Ofis çalışması deyince aklımıza elbette hemen valiler kararnamesi geldi.

Yakında özellikle Cumhurbaşkanının partinin da başına geçmesinden sonra ciddi bir geniş çaplı valiler kararnamesi olacak. Bunun için de bizzat, Bakan Soylu bakanlığa kapanıp çalışıyor. Valiler kararnamesi akla gelince elbette hemen Trabzon aklımıza doğal olarak geliyor. Trabzon Valisi Yücel Yavuz, kararnamede, Trabzon’da kalıyor. Bir çok Trabzonlu ismin vali olması da öngörülüyor.

Soylu’nun Trabzon’dan yanına getirdiği Çetin Oktay Kaldırım’ın vali olmasına kesin gözü ile bakılırken, TBMM eski genel sekreteri İrfan Neziroğlu’nun da vali olarak atanması bekleniyor.

PAZARKAPI GERÇEĞİNİN BİR YÜZÜ…

Eski Trabzon’un yaşayan bölgesi Pazarkapı, yeni Trabzon mantığına uymuyor. 
Kadınlar pazarı, dam altı dükkanları, Mumhane önü mağazaları; karuşuk(!) kuruşuk(!) cadde ve sokakları ile; Pazarkapı Ak Parti iktidarının ülke genelinde en başarılı olduğu kentsel dönüşüm projesi içinde.
 *** 
TOKİ, yaşayan kent anlayışını SİT alanlarını da dikkate alarak yeniden planlıyor. Planlanan alanları ile Moloz, ultra lüks bir semt olacak. Şehrin tarihi dokusu da korunarak. Belediye kiraya verdiği kendine ait dükkanları yıkıyor. Yıkılan yerler alan, meydan ve geniş cadde sokak olacak. Belediyenin kiracıları ki(Çoğu hava parası ile üçüncü konumdan kiraca. Asıl kiracı, hava parası ile bir başkasına kiraya vermiş, belediyeye de kirasını ödemiyor) doğul olarak bu dönüşümden sıkıntılı. Üç kuşak bölgede esnaf olan insanların mağdur edilmemesi gerekiyor. 
***
 İşte bunun için olayın direkt muhatapları dün sokak buluşmasında bir araya geldi.

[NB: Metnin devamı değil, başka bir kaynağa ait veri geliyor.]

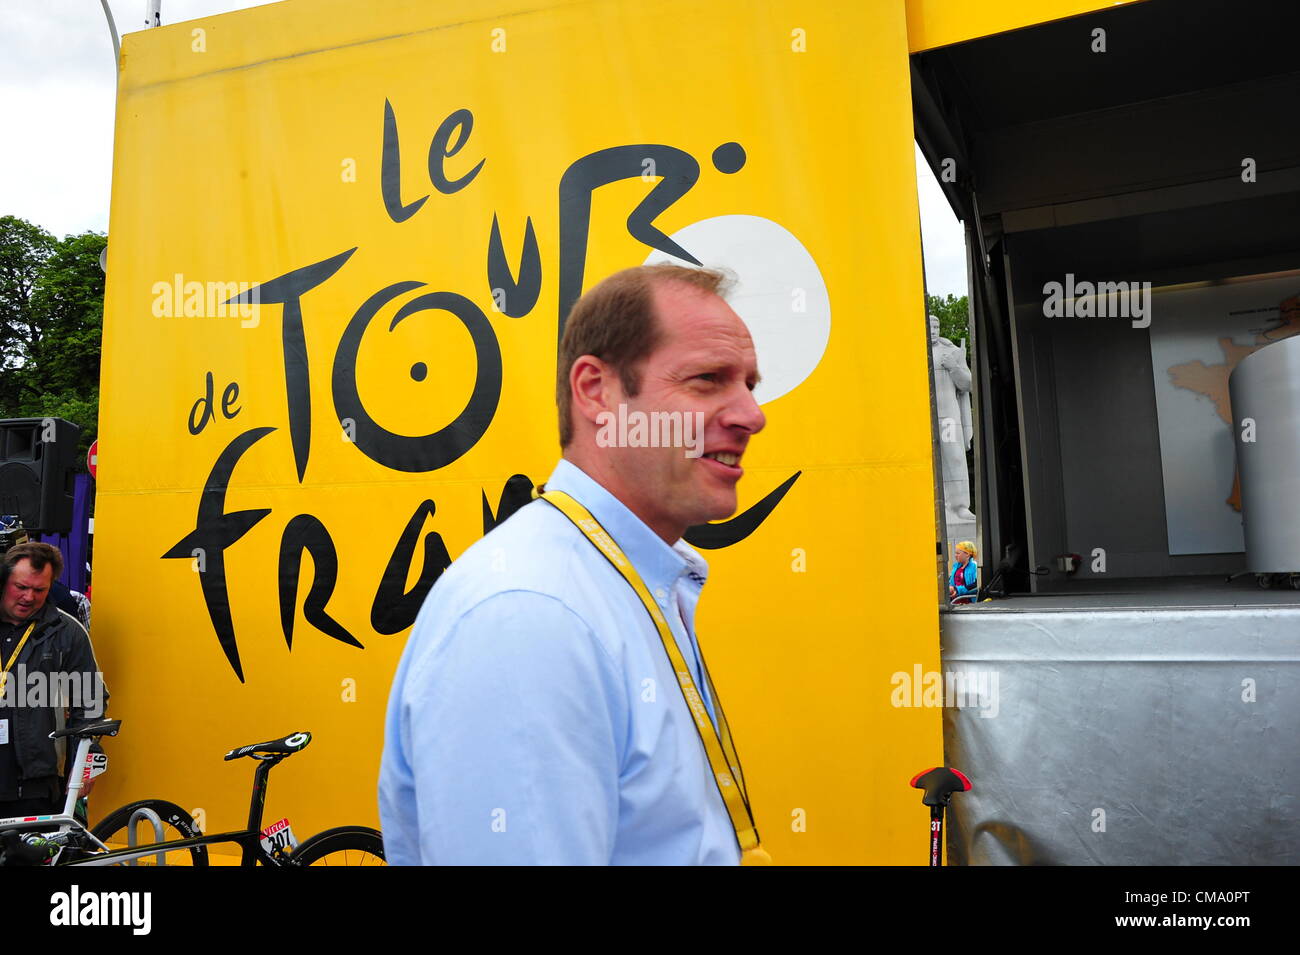 01.07.2012. Tour de France, Liega, Seraing. Stufe 1.  Prudhomme Christian, Liegi Stockfoto
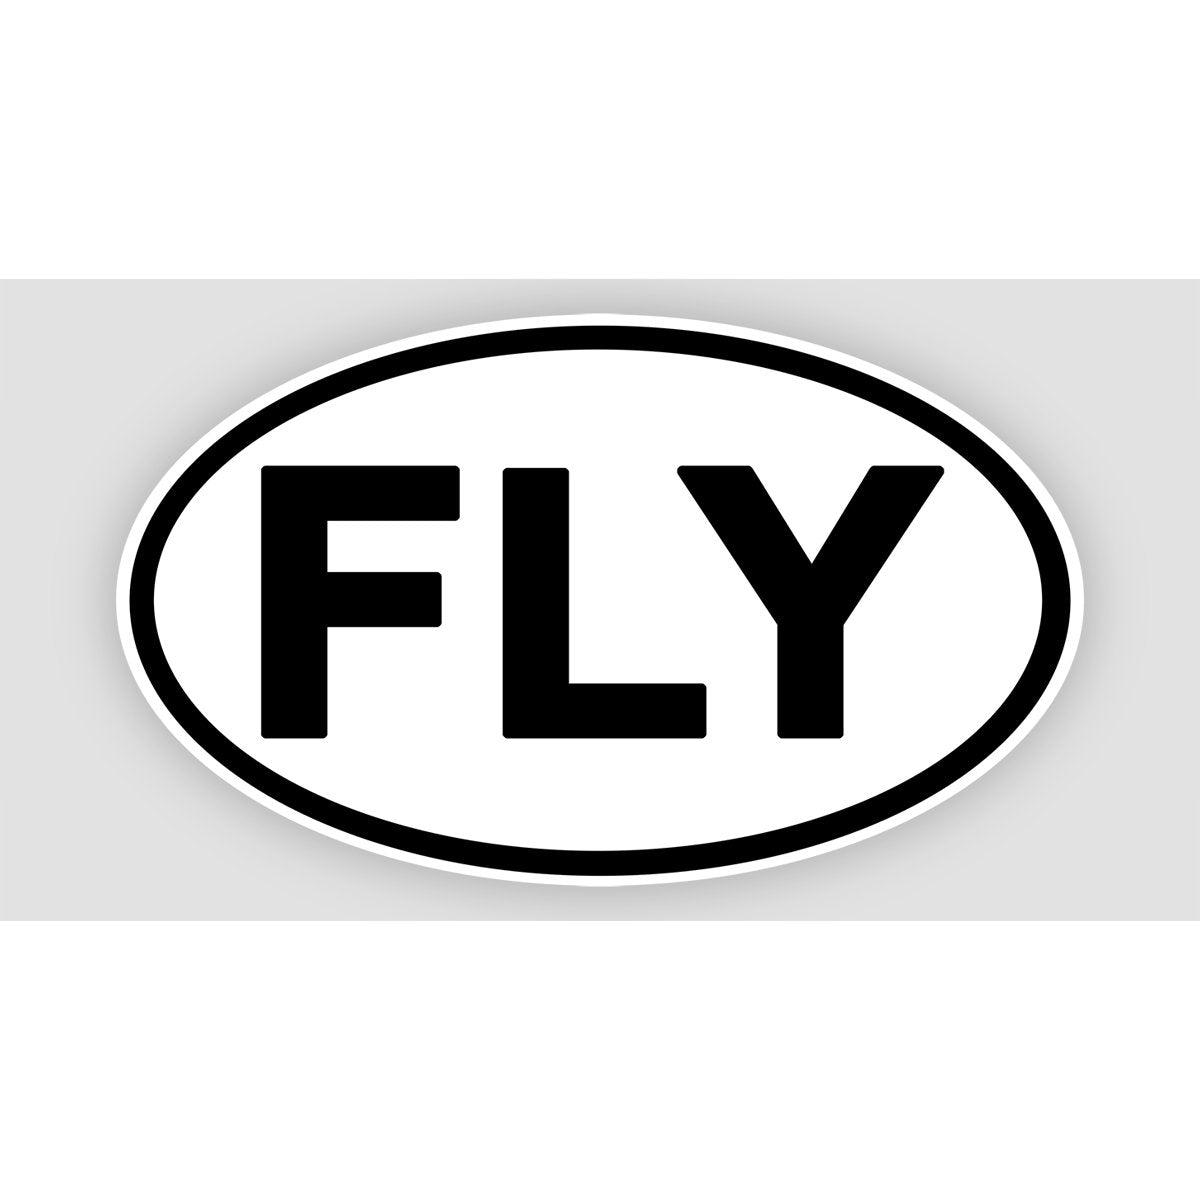 FLY Sticker

Pazarkapı’da , Kolezyum kuruldu. Ya da bizim deyimimizle “Hasbihâl” toplantısı. Pazarkapılı esnaf, İç İşleri Bakanına derdini anlattı. Bakan ilk kez parti çemberini kırarak, halkla böyle karşılıklı sohbet etme imkanı buldu. Bu imkan, Bakana referandum esnasında sağlansaydı, hedef yüzde 80 tutardı. Bu kadar iddialıyım. 
*** 
Bakanı dinleyinceye kadar; gergin ve stresli Pazarkapılılar, Soylu konuşunca rahatladı. Şehir menfaatleri açısından OFG’nin sokak formunda dik duruşu da taktire şayandı. 
***
 Pazarkapılılar diyor ki, burada yapacağın dükkanları bana ver. TOKİ diyor ki, orada ihale yapacağım. Pazarkapılılar diyor ki, ben üç kuşak burada esnafım verdiğim para ile bir başka yerde iş açamam. TOKİ diyor ki, serbest piyasa ekonomisi var ne yapayım. Pazarkapılılar diyor ki; Kentsel dönüşümü yapma. TOKİ diyor ki varlık sebebim bu.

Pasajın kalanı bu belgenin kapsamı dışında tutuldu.